EXERCISE GOAL: This exercise asks for every line of the material that contains the word "Stock".

ENTRIES PROVIDED:
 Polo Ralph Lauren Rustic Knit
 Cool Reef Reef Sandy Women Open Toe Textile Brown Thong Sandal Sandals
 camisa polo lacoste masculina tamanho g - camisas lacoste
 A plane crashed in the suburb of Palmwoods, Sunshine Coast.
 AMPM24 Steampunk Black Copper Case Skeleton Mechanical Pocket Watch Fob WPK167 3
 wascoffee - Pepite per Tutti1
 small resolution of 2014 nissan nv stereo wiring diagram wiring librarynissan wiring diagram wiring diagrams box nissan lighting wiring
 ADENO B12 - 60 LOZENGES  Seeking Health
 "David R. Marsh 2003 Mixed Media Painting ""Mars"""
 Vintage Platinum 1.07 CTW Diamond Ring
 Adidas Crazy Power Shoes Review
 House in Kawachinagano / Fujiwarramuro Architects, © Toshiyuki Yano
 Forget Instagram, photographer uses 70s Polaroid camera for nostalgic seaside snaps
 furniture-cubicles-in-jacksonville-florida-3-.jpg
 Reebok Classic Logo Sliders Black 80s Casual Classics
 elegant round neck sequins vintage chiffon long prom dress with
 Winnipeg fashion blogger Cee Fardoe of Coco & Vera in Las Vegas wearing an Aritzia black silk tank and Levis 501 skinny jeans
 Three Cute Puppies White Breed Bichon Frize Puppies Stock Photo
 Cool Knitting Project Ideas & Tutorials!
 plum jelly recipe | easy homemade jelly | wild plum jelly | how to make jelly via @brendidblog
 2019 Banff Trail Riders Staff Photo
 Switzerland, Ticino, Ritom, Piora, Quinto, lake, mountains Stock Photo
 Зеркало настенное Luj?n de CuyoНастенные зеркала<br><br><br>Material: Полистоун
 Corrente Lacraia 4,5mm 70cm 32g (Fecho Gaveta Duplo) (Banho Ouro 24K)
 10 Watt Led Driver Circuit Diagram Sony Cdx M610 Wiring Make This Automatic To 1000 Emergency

EXERCISE RESULT:
 Three Cute Puppies White Breed Bichon Frize Puppies Stock Photo
 Switzerland, Ticino, Ritom, Piora, Quinto, lake, mountains Stock Photo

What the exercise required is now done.